Opening remarks by frontline nurse and Local 1021 member Marina Stankov-Hodge, who facilitated the event, set the tone. She envisioned a truly democratically run society and evoked the humanity of this struggle to create a “more just and verdant world” without police. SEIU organizes about 37,000 law enforcement, 15,000 of whom are sworn and civilian staff in police departments, according to a recent response from the union to a Request for Information made by the rank and file.  

Julia Wallace, a member of SEIU 721, began by contextualizing the disaffiliation campaign against the backdrop of a highly polarized society in which white supremacists are mobilized, armed, and have killed peaceful protesters with police supporting their racist terror; meanwhile, “we have one of the largest and most dynamic movements in the history of the United States, the Black Lives Matter movement.” Wallace in 2016 brought a disaffiliation resolution to Local 721’s Black Caucus and Latino Caucus, the former passing it unanimously; in the latter, there was much debate, during which a former organizer in the 1980s Justice for Janitors campaign in L.A. recalled being beat up by the police at a picket.

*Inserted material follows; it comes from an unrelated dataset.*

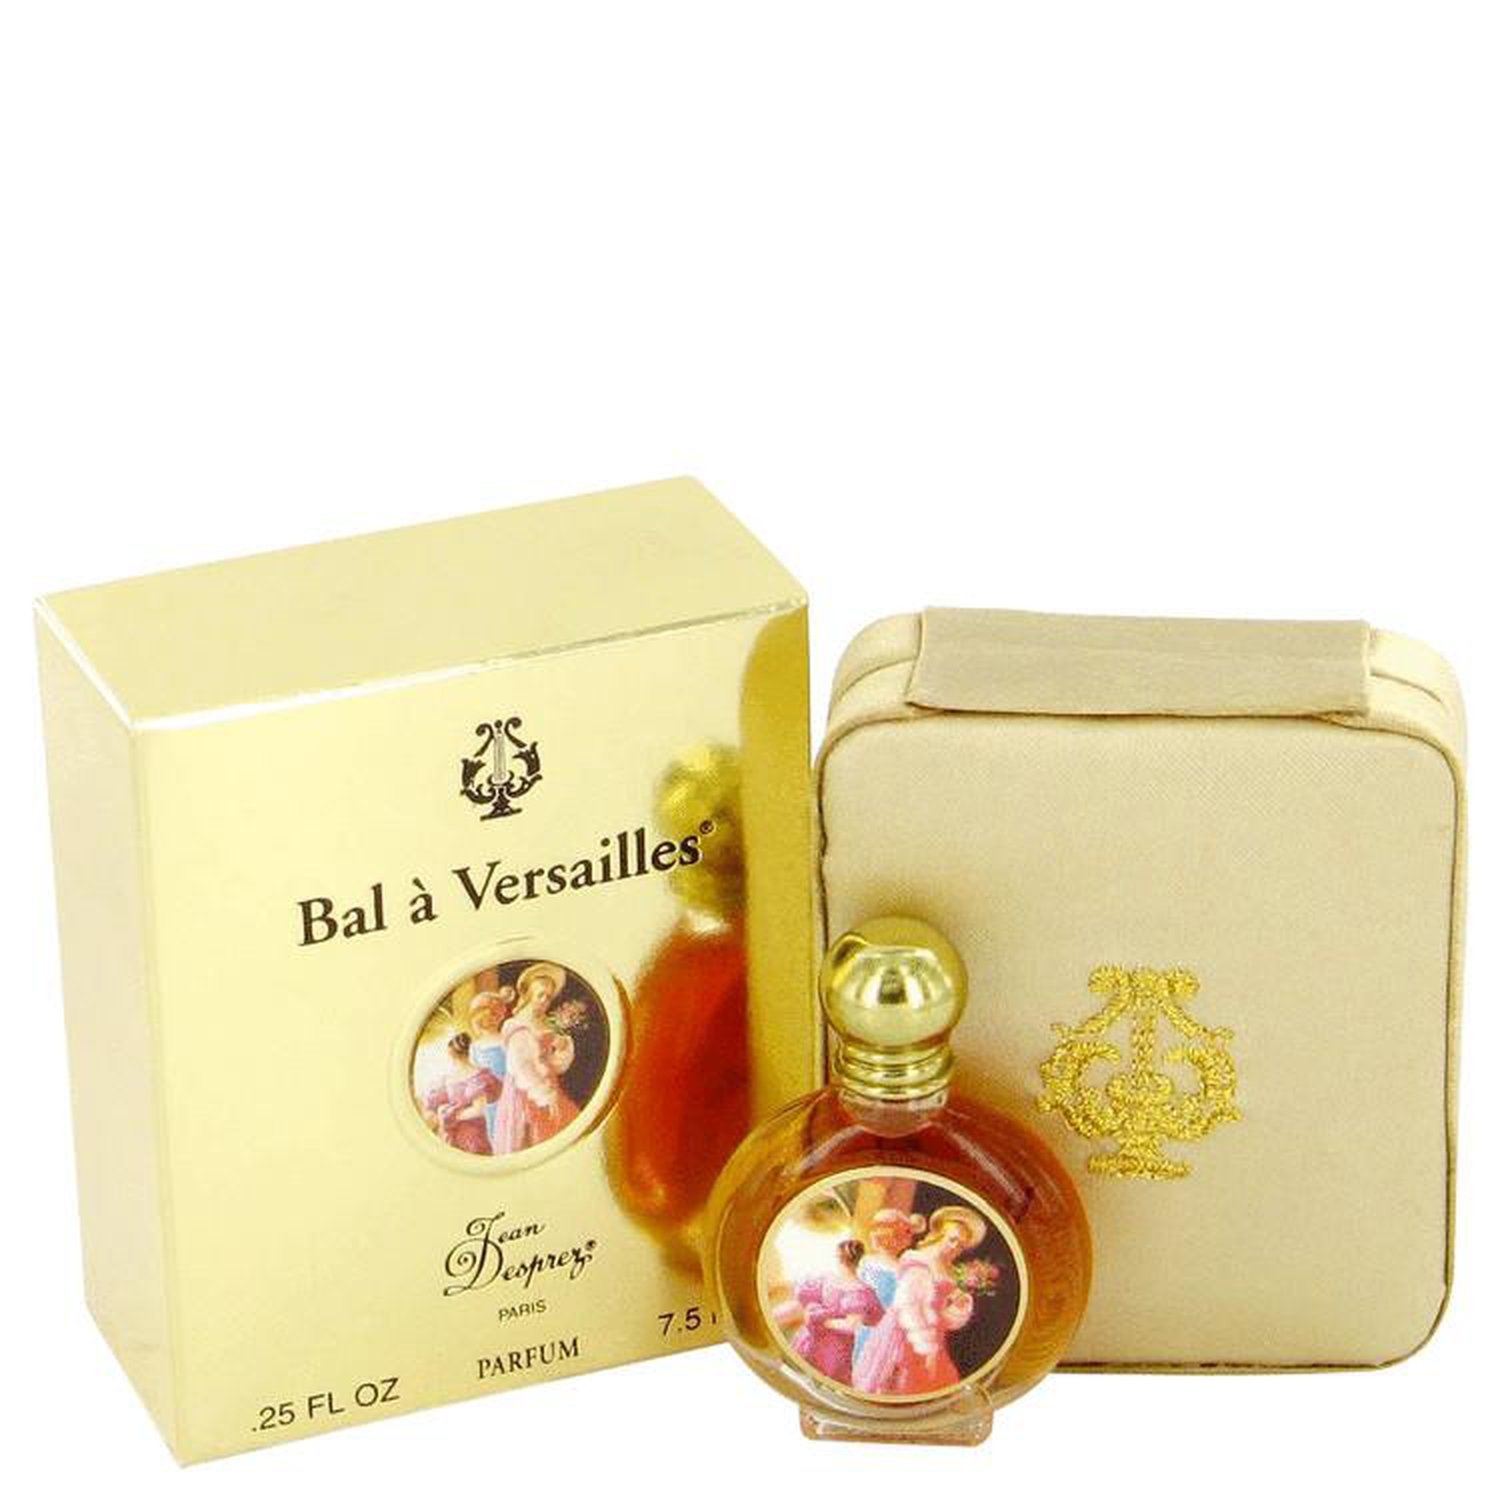 BAL A VERSAILLES par Jean Desprez Pure Perfume .25 oz (Femme)

Fast forward 30 years, and Rayshard Brooks is killed by Atlanta police, and, “the police who murdered him are protected by our union, SEIU,” said Wallace. “That’s completely antithetical to the workers movement, and completely antithetical to the union movement and to Black people and the Black community who are continually harassed and assaulted by police.” She characterized a future labor movement that hearkens to a principle seemingly forgotten: an injury to one is an injury to all. So when police, who are not workers, kill a Black person, all organized labor stops working. 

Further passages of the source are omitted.